Scientists expect more deadly earthquakes and tsunamis in the Indian Ocean. Countries in the region are making progress towards a regional warning and alert center.

Tsunamis cannot be prevented, but ample warning can save lives. Unfortunately, that was not the case for 230,000 people who were swept away in the 2004 Indian Ocean wave. This catastrophe prompted the U.N. Intergovernmental Oceanographic Commission to establish a tsunami warning system in this region.

Their goal is to build a network of ocean sensors and to establish a regional alert center that sends timely warnings of approaching tsunamis to area nations.

A scientist with the commission, Ulrich Wolf, says so far, only some of the sensors are in place. In the absence of a regional command center, they relay signals about water level, ground movements, and other data to existing centers in the Pacific Ocean, which send alerts back to governments in the region.

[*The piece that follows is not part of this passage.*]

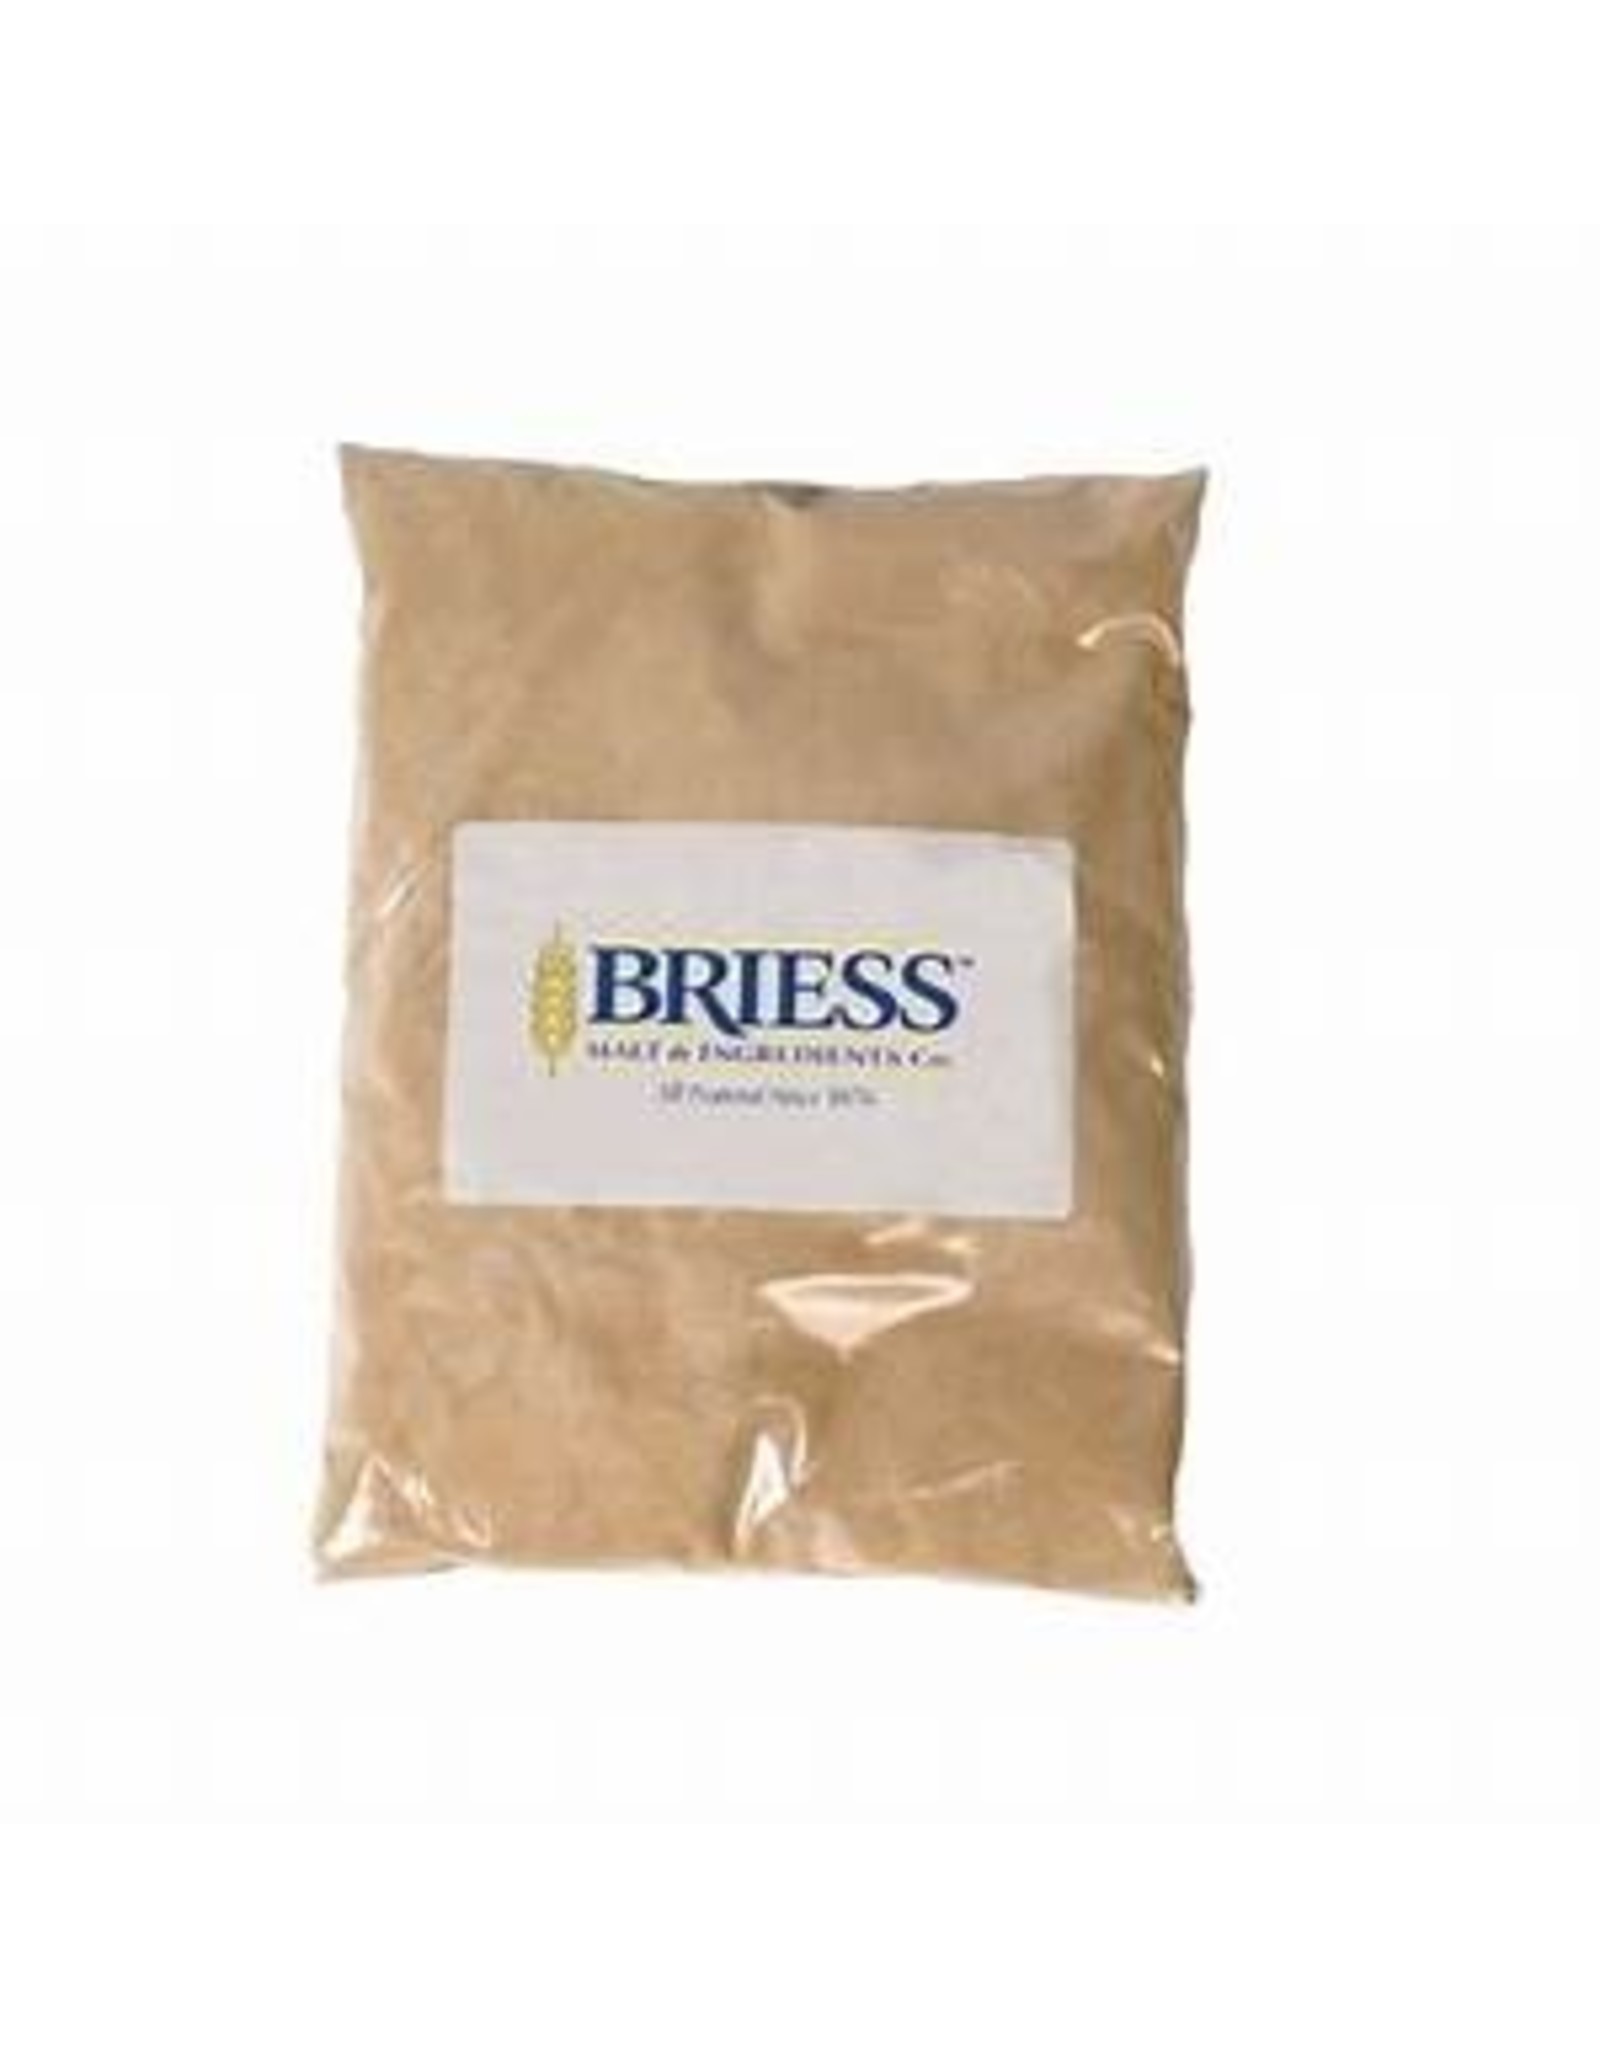 Briess Dry malt Extract Golden Light DME 1 LB
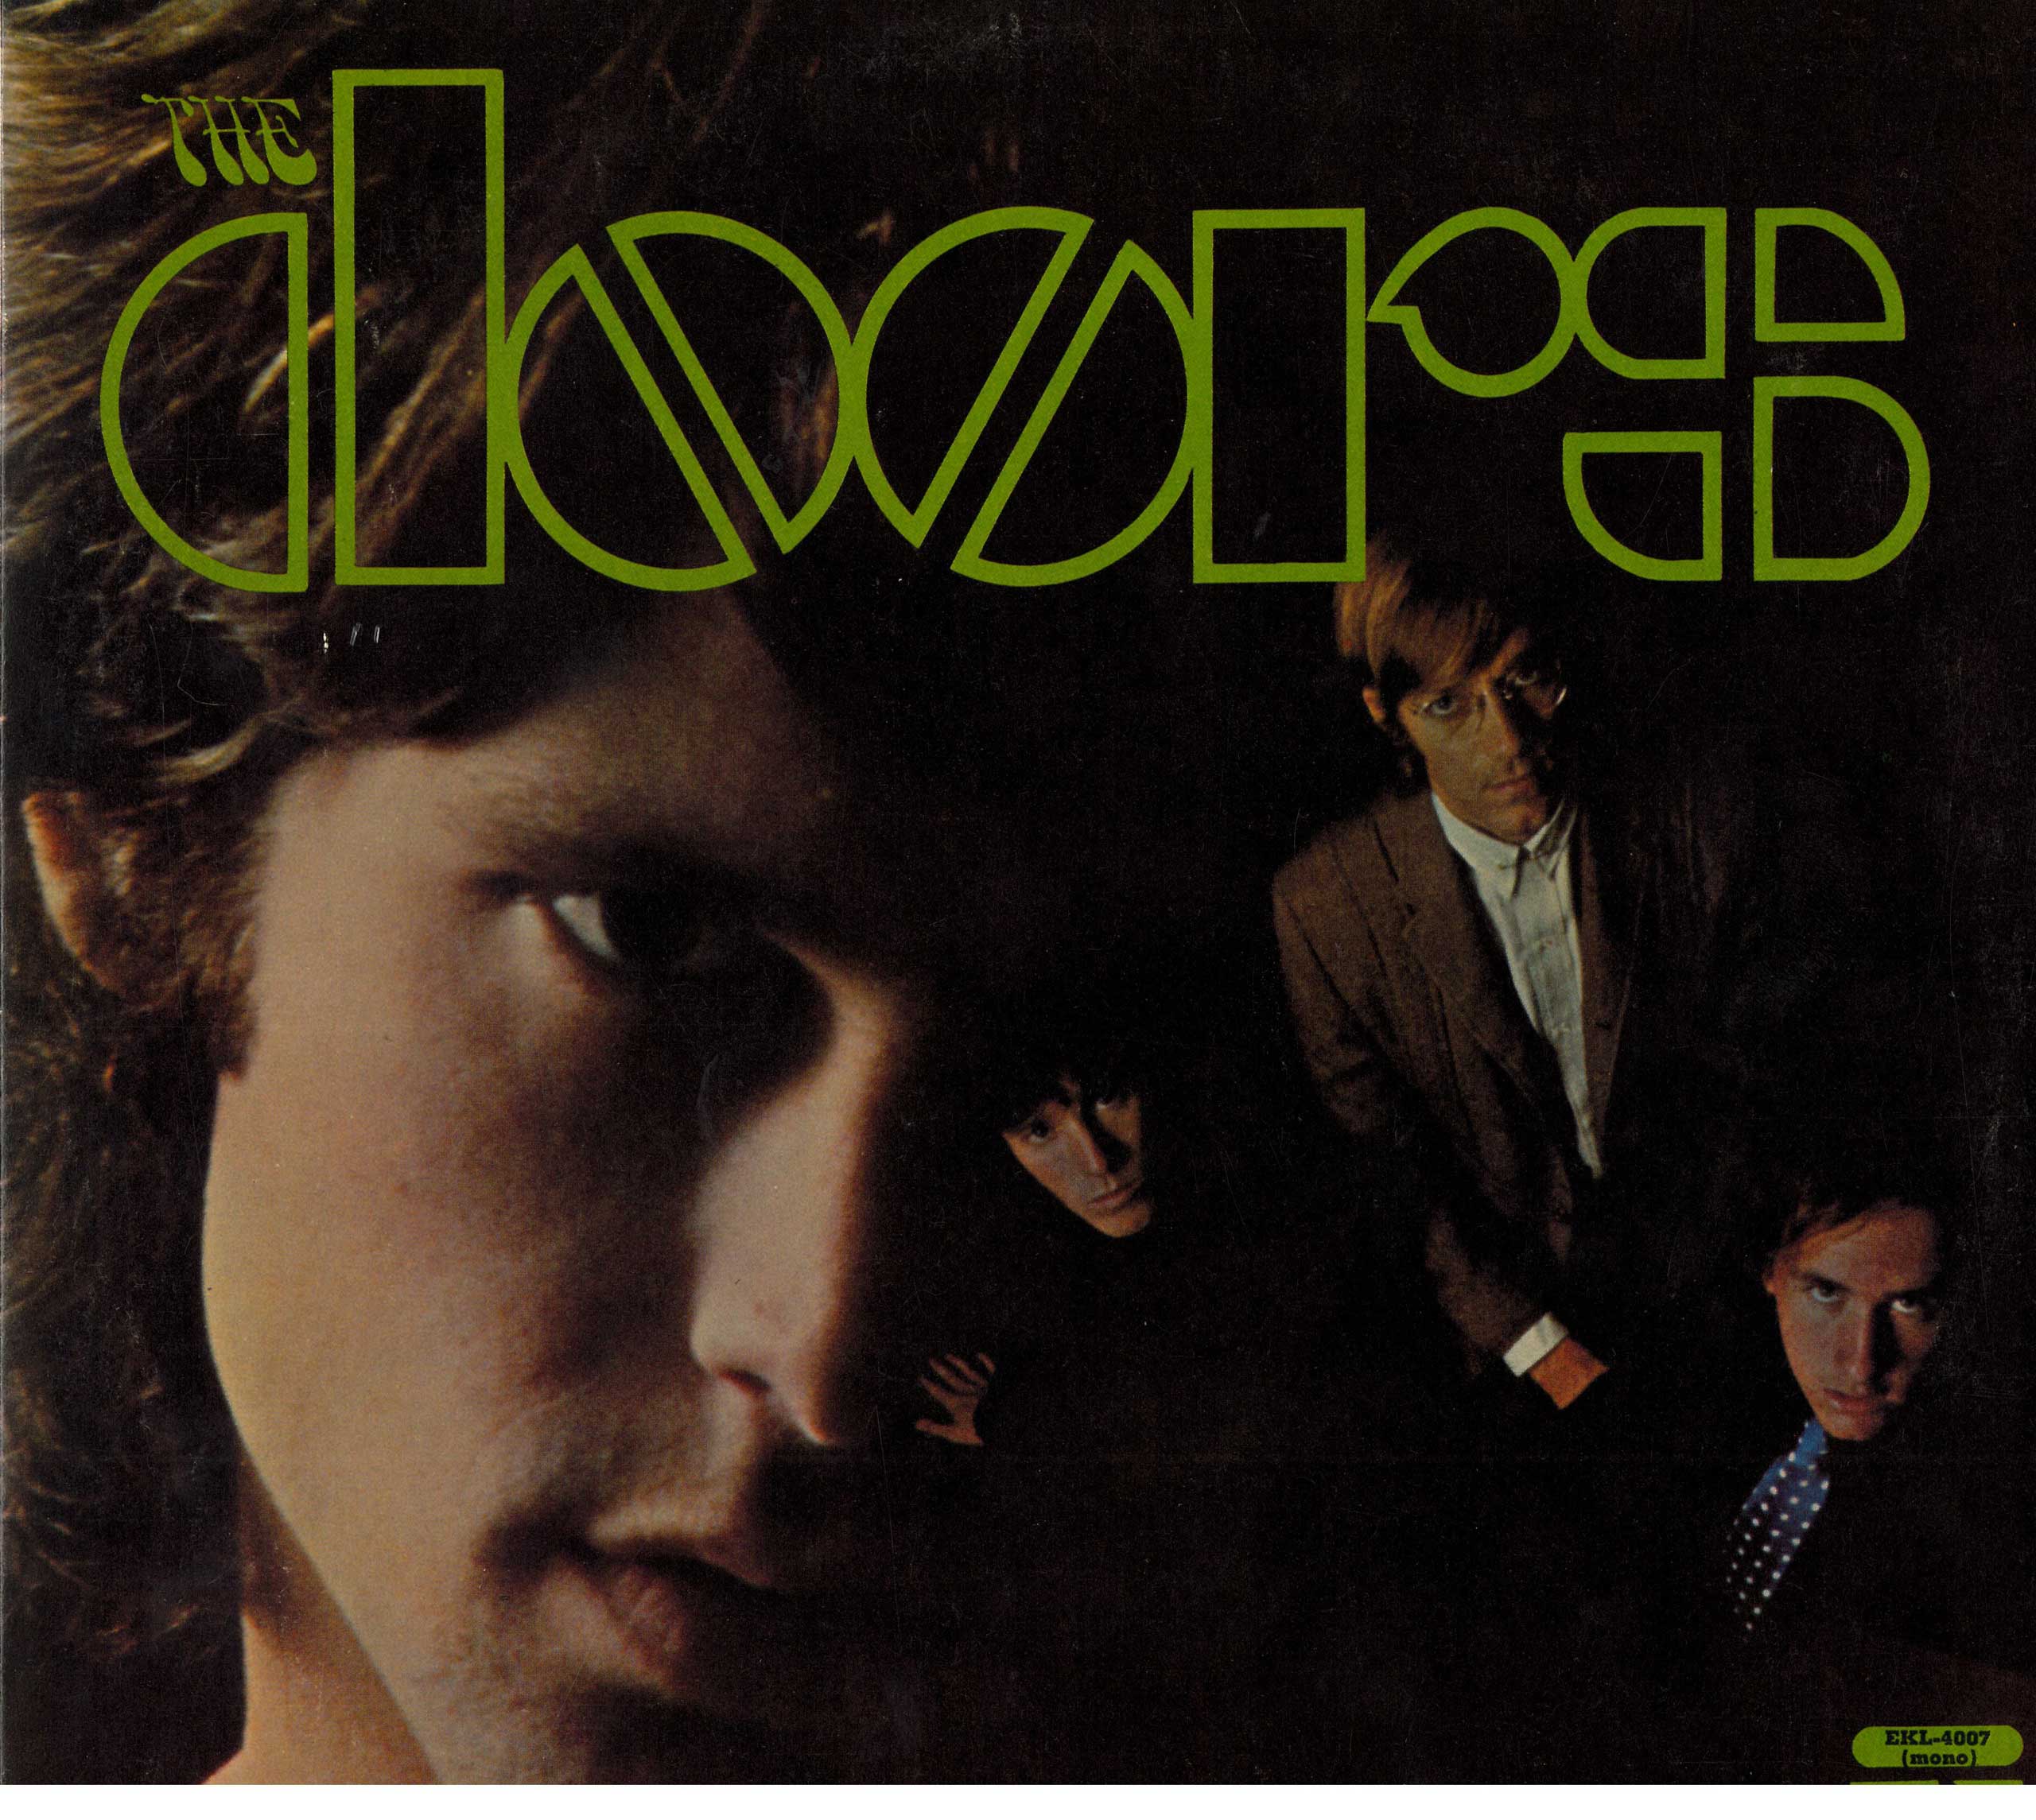 "The Doors" original album. Courtesy Elektra.

"We do have an interim system in place, which essentially has got 26 new tide gauges, about 30 new seismic stations in the Indian Ocean, which all deliver bare data, real time, to the Hawaii Pacific Tsunami Warning Center and the Japanese Tsunami Warning Center," he said. "They provide their alerts to within 10 to 20 minutes to the Indian Ocean region."

Although the system began operating at the end of June, several hundred Indonesians were killed by the Java tsunami in July. The detection system worked successfully, but the public did not receive the alerts in time.

Wolf says that relaying the warning from central governments to their people remains a major challenge.

"The technical side is quite easy to install because this is just technology we know," he explained. "Once the warning shows up in the national warning system in a country, the difficult part is for a country to set up an internal civil defense system to get the warnings to the endangered areas and to the last mile."

Warning systems are only one of the components in surviving tsunamis. Civil engineer Robert Dalrymple at Johns Hopkins University adds that evacuation systems are also needed.

"Parts of Thailand are very flat and so they need to be able to climb up into buildings," he said. "People need places of refuge when these waves come in to shore."

Ulrich Wolf says the other challenge is to coordinate data among the Intergovernmental Oceanographic Commission's member countries. Thailand, Malaysia, and India have their own warning centers, but cultural differences have prevented them from deciding on a regional warning center, which could shorten alert response to within minutes of the initial earthquake or other undersea ground movements that trigger tsunamis.

"The essential needs are, for example, real time data flow and data availability between all the countries so all nations should be able to see all data coming online, and is not really working actually," Wolf added.

Officials from the Intergovernmental Oceanographic Commission met this week in Bali, but could not agree on which nation would host the regional Indian Ocean tsunami monitoring center. Instead, they renewed commitment to improve communications within their own countries. An integrated system is at least three years away.

Indonesia has promised to install alert systems in vulnerable areas and to assign 75 seaports that would send signals of possible seismic events.